• _INFORMATION PROVIDED_:

□ □ □ □

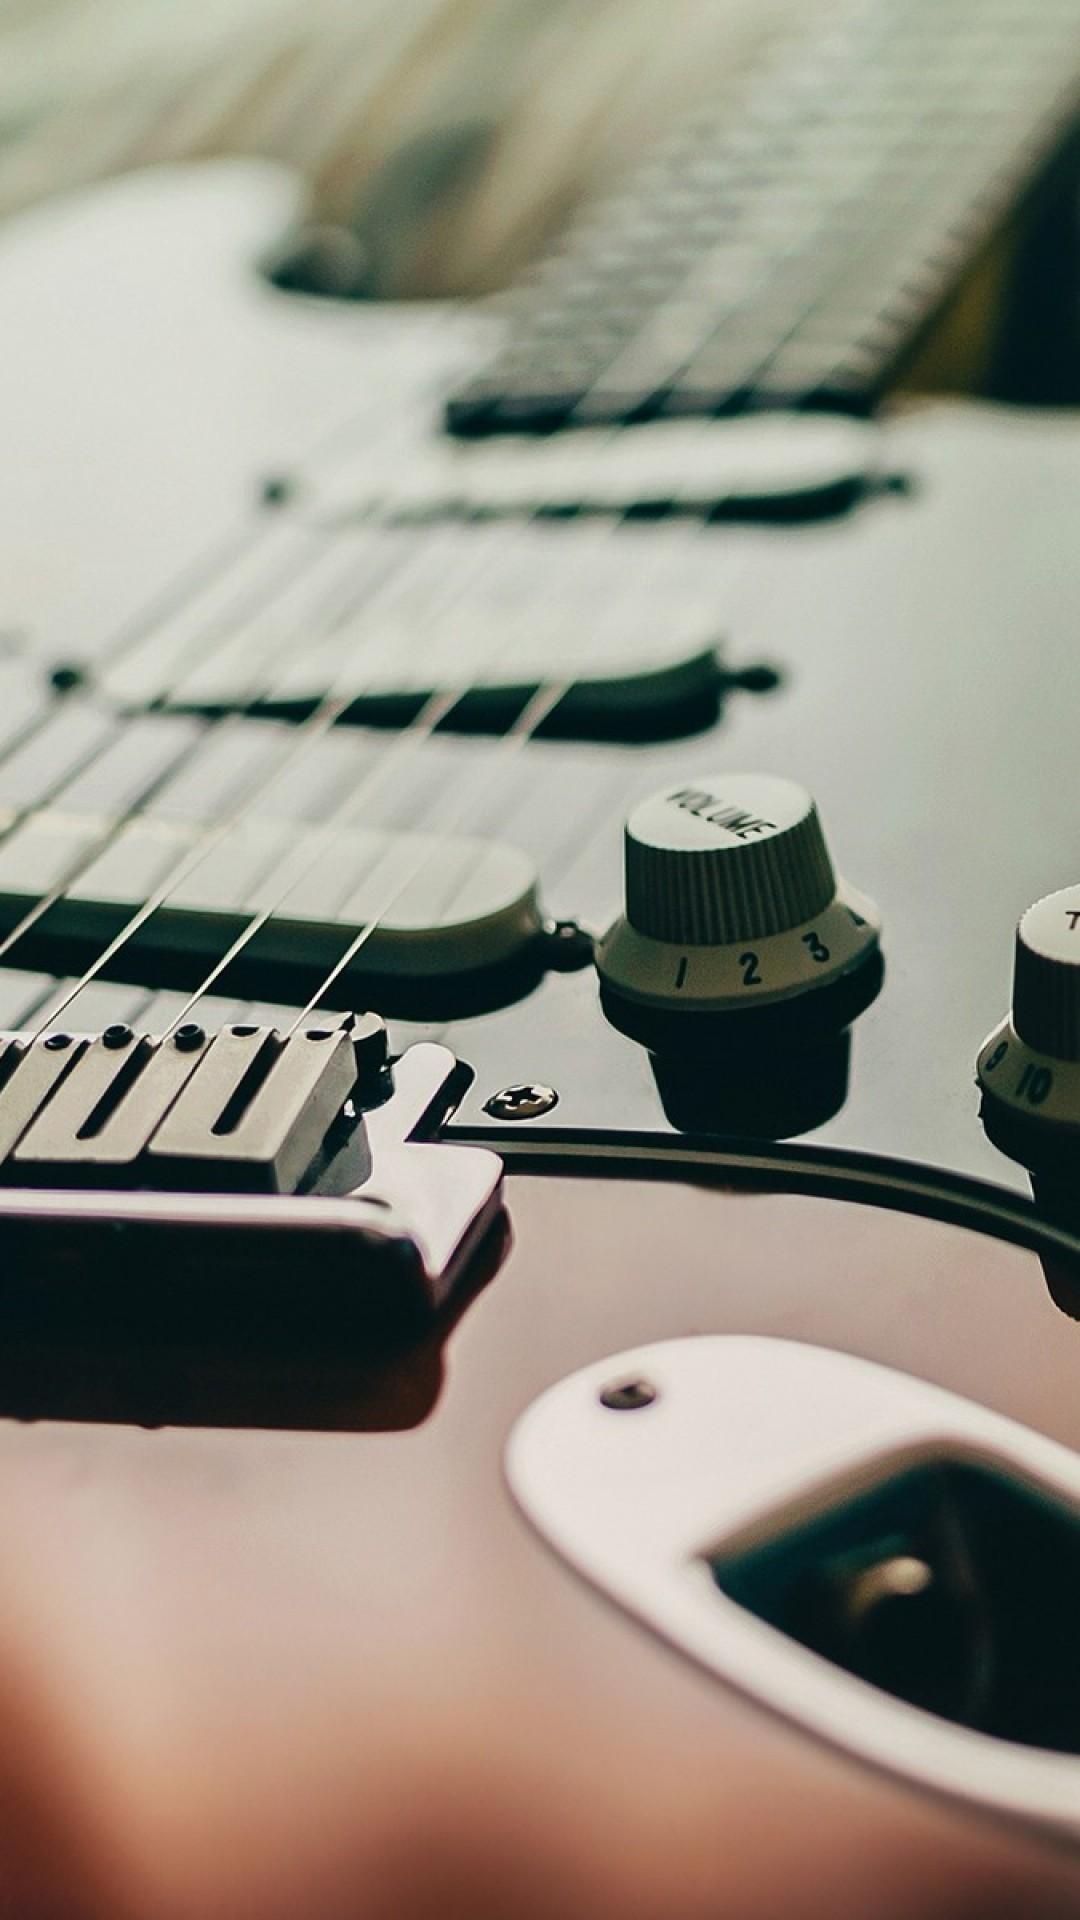 1920x1200 Guitar Guitar
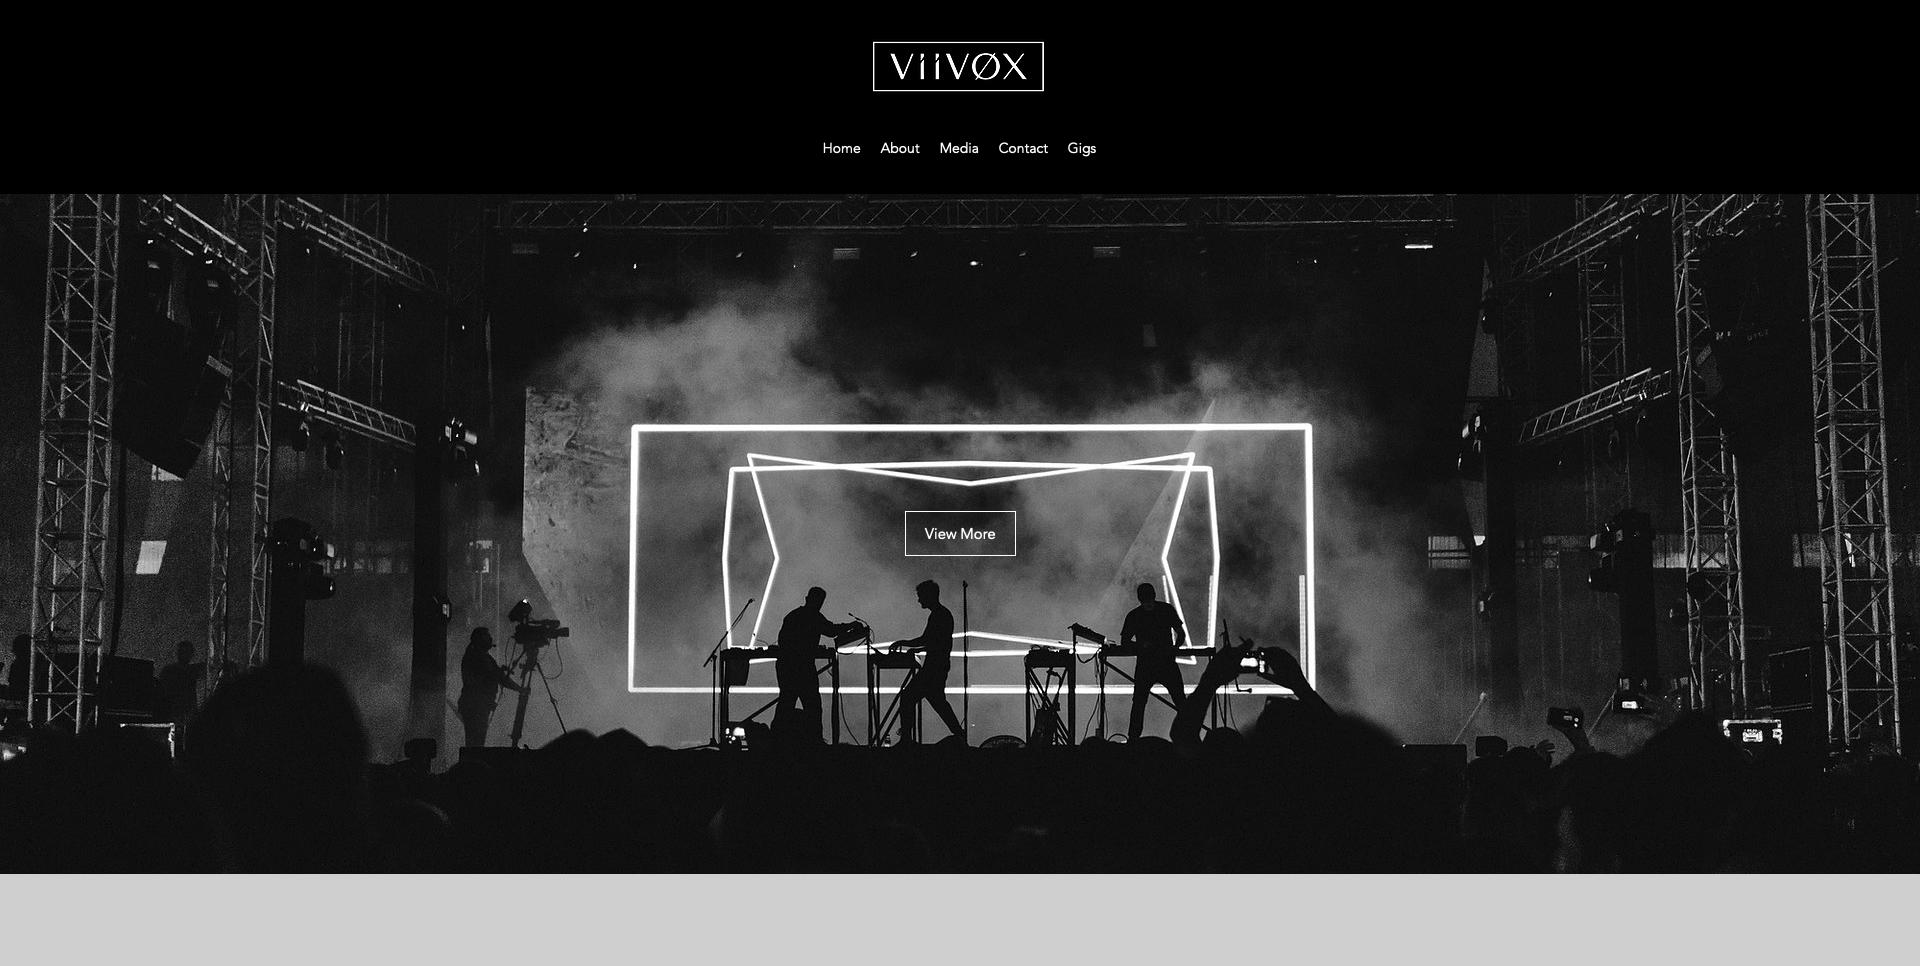 Viivox home
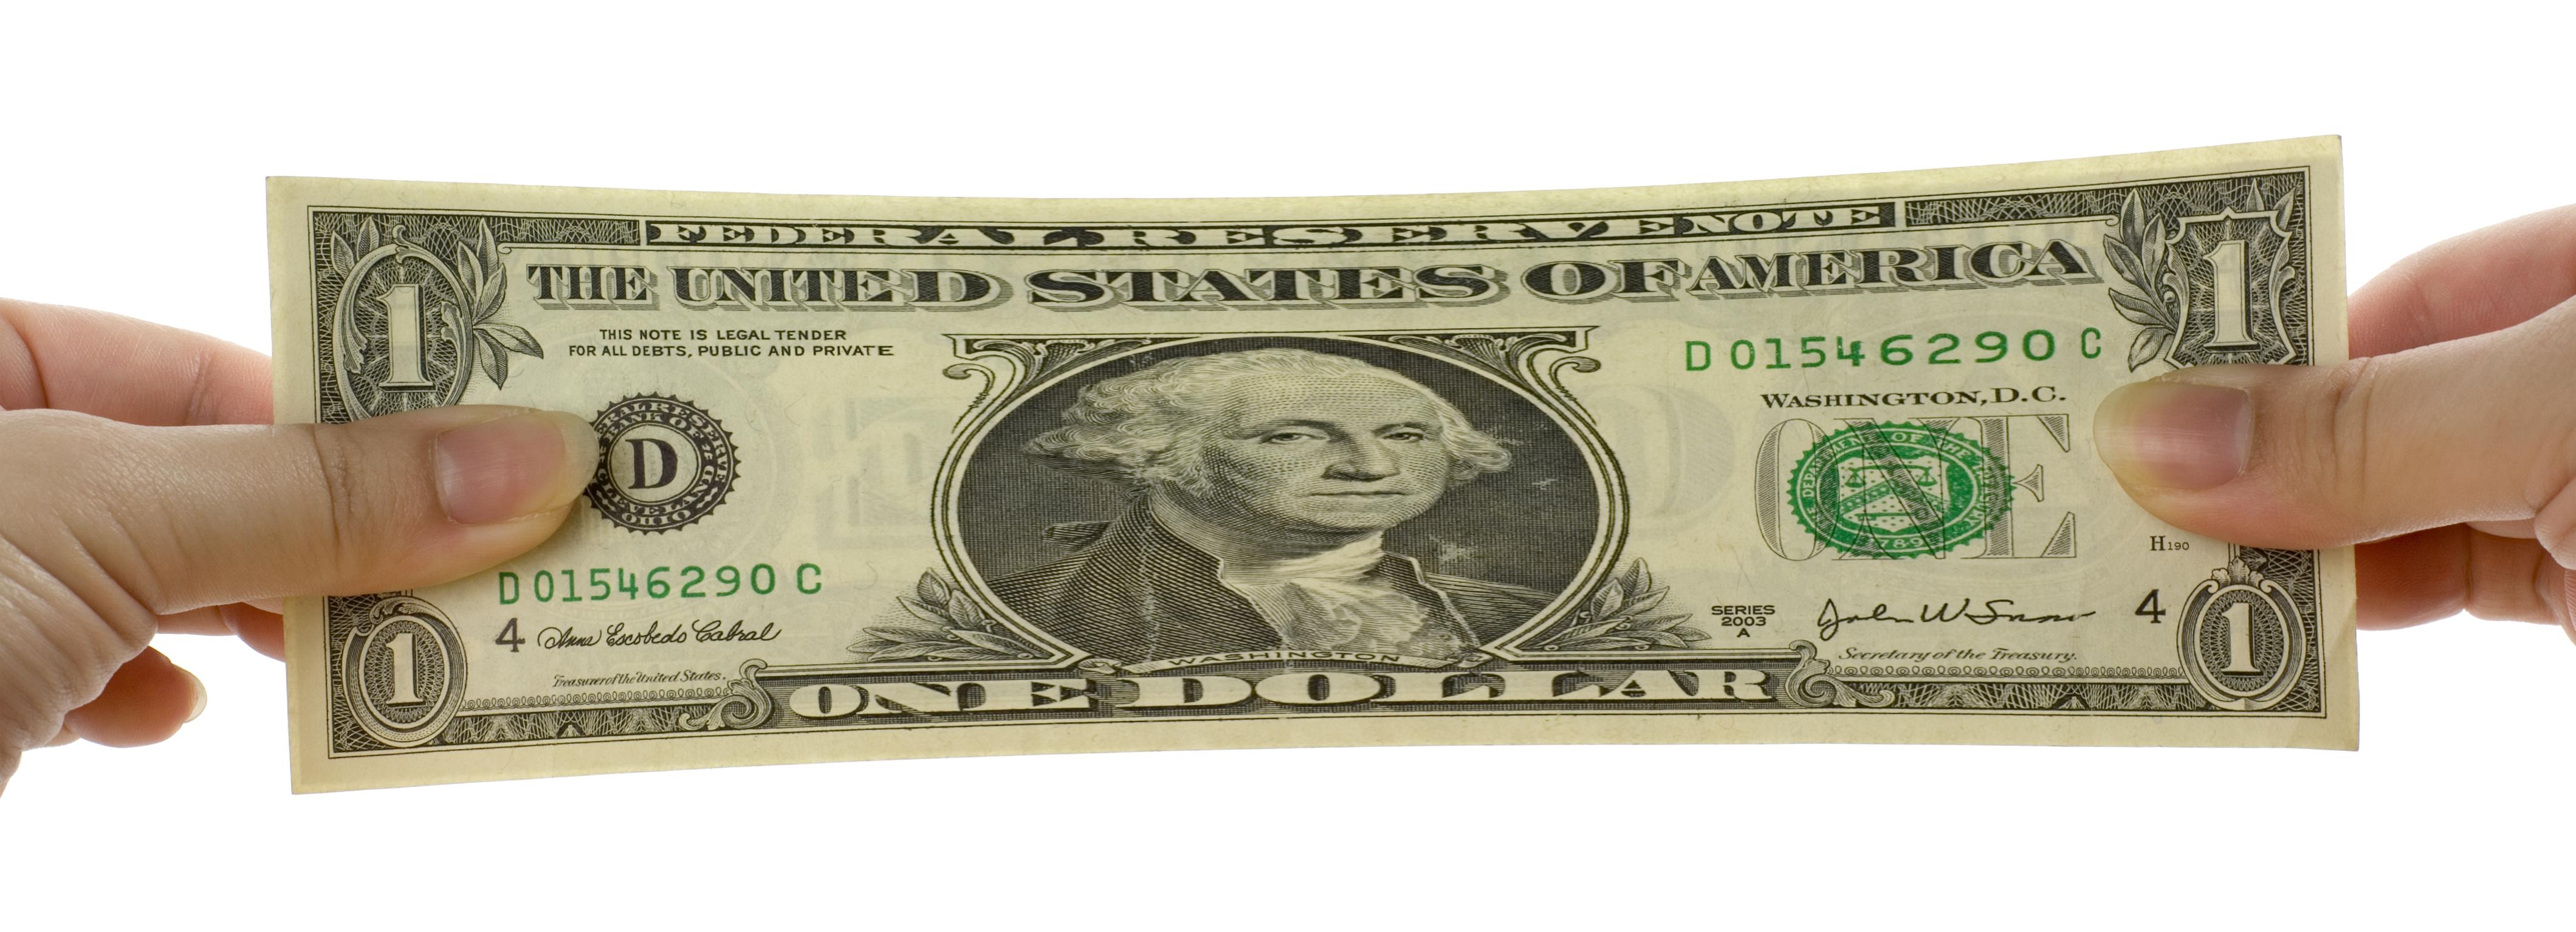 Stretched dollar

□ □ □ □

• _PROBLEM STATEMENT_: Without including any picture, reproduce the material above word for word.

• _TASK RESULT_:
 1920x1200 Guitar Guitar
 Viivox home
 Stretched dollar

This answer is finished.